Material supplied:
>>>>

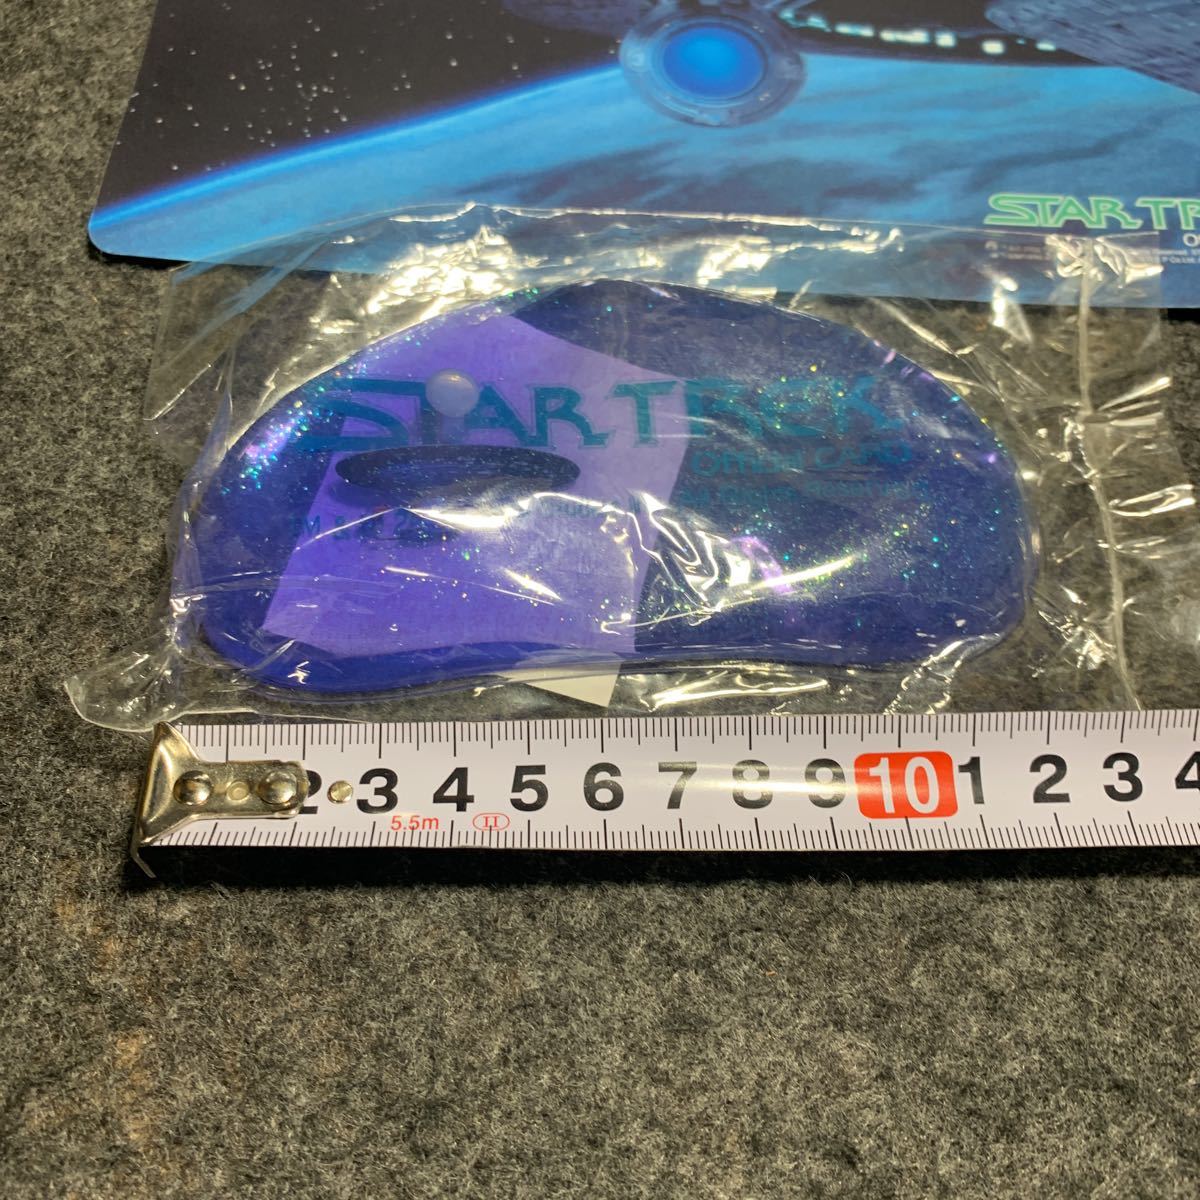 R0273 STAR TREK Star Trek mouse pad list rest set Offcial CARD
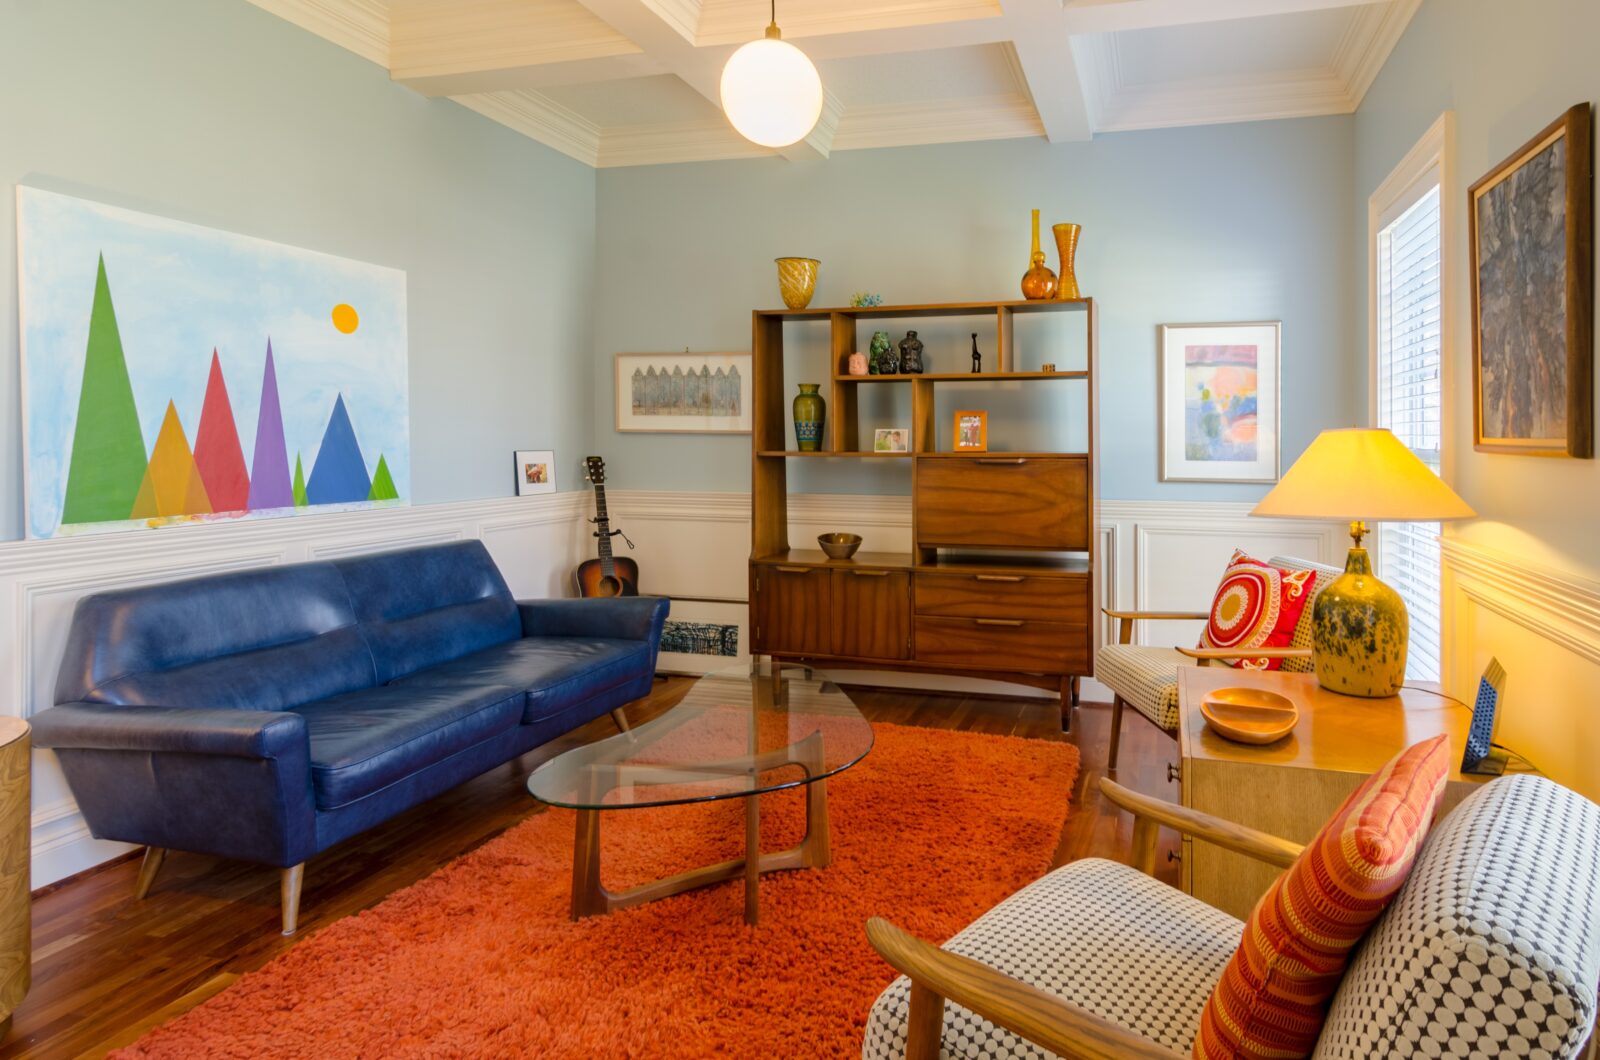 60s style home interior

<<<<
>>>>

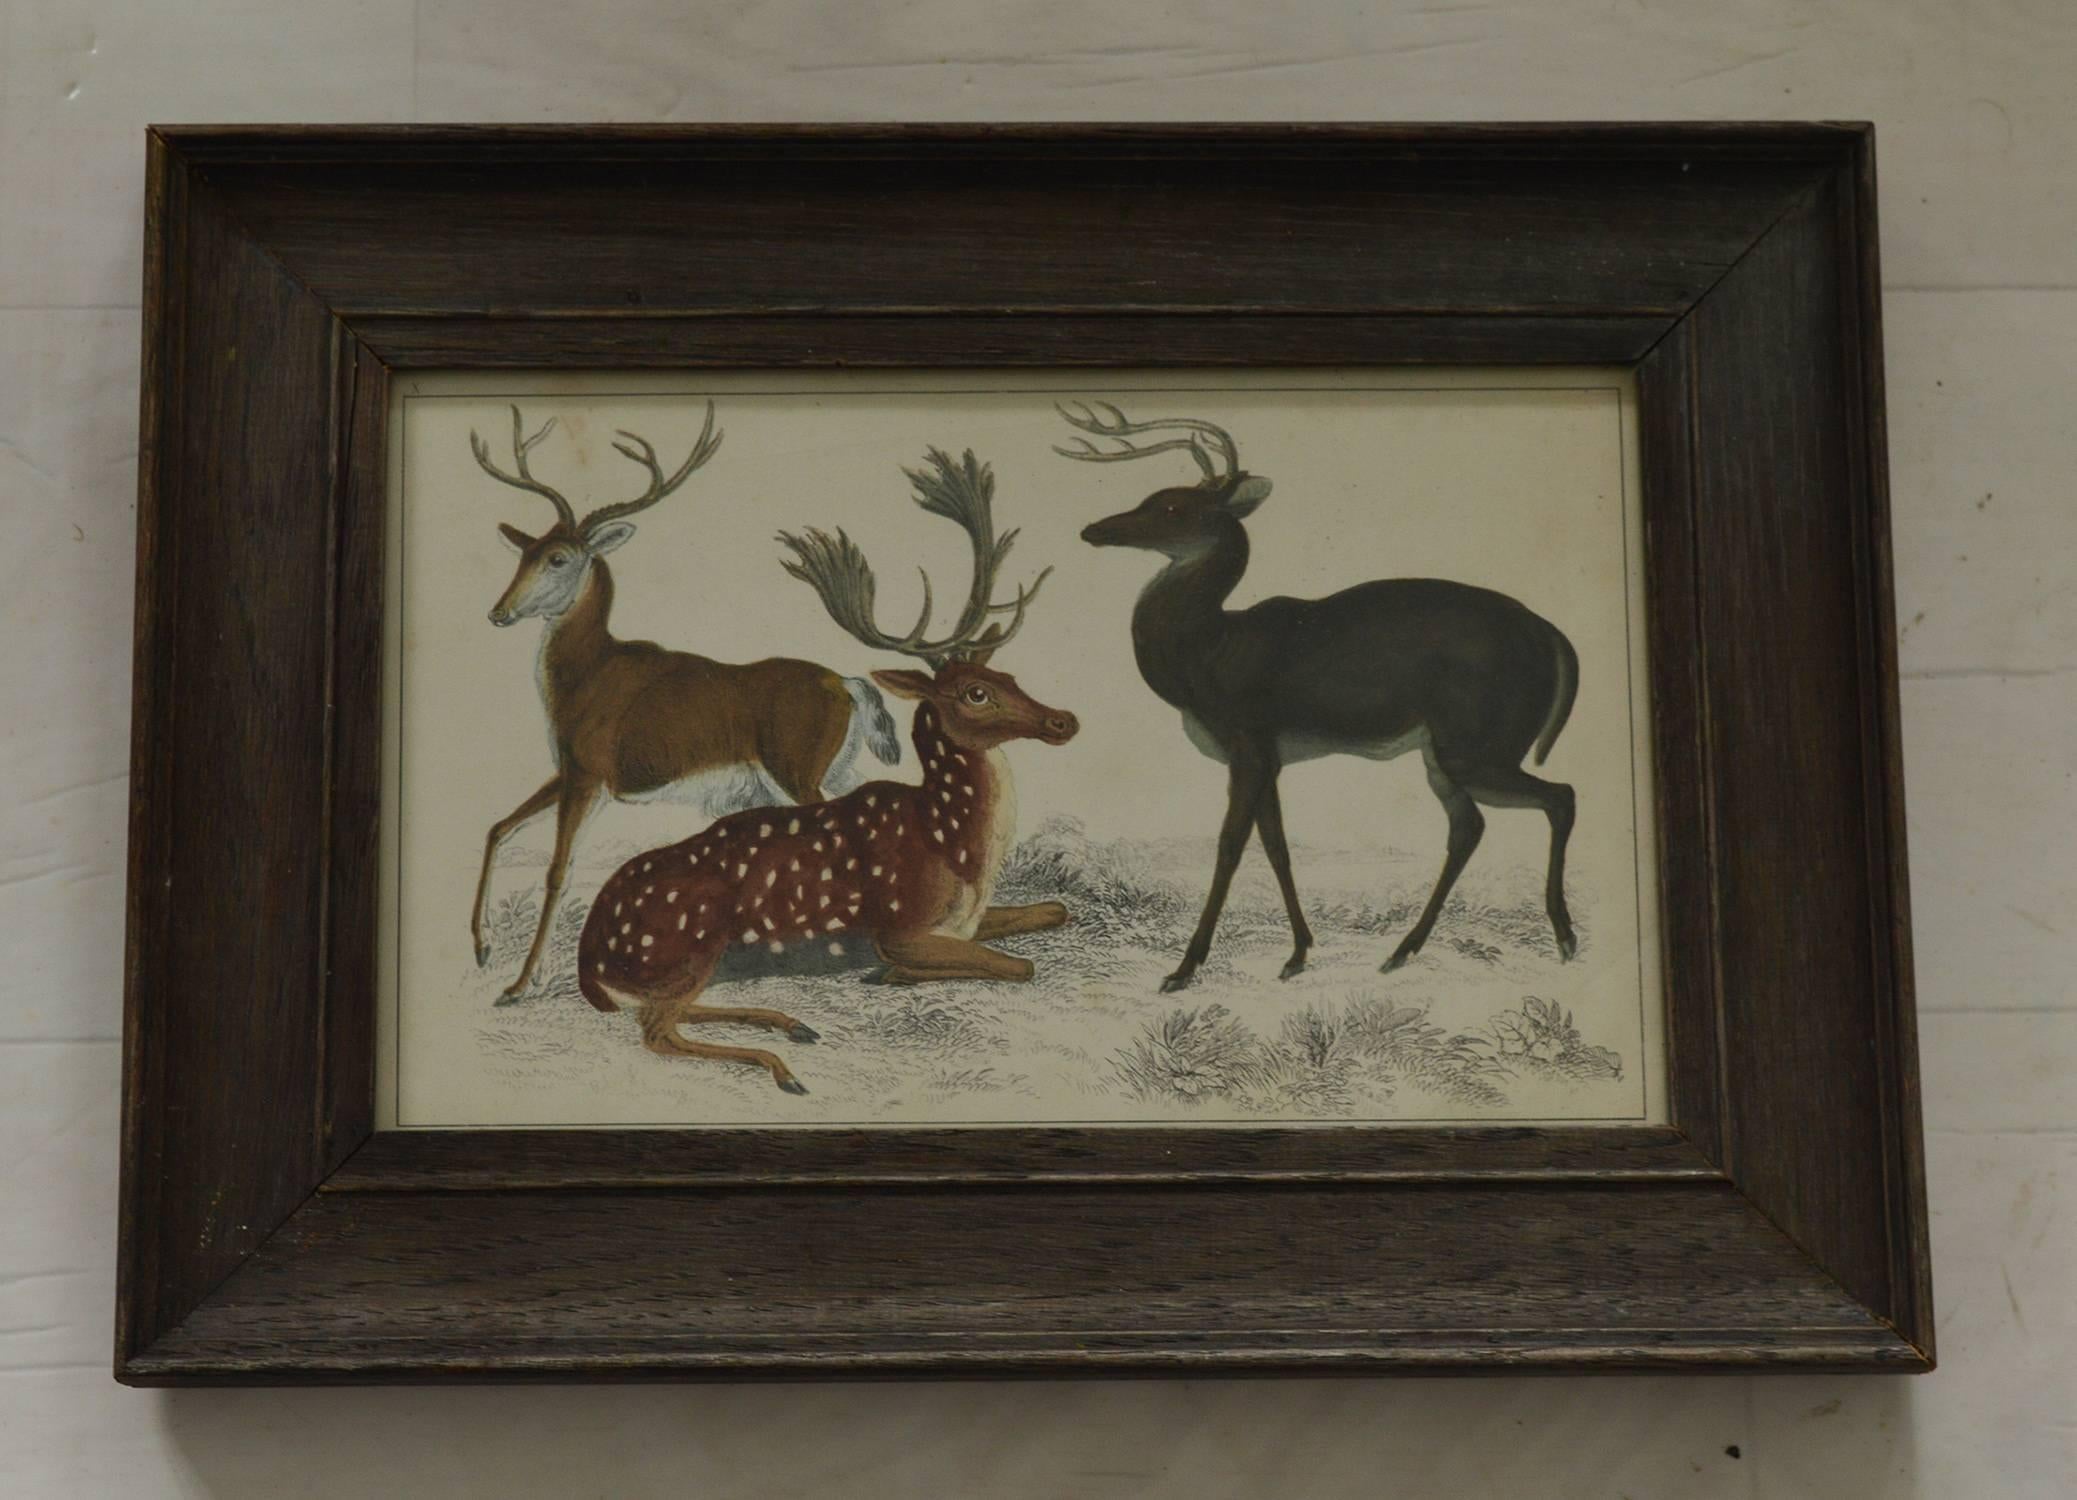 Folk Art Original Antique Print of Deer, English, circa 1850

<<<<

In the data above, find the line containing "R0273 STAR TREK" and the line containing "60s style home interior". Copy exactly the stretch from the first through the second, both included, leaving out any picture.

Result below:
 R0273 STAR TREK Star Trek mouse pad list rest set Offcial CARD
 60s style home interior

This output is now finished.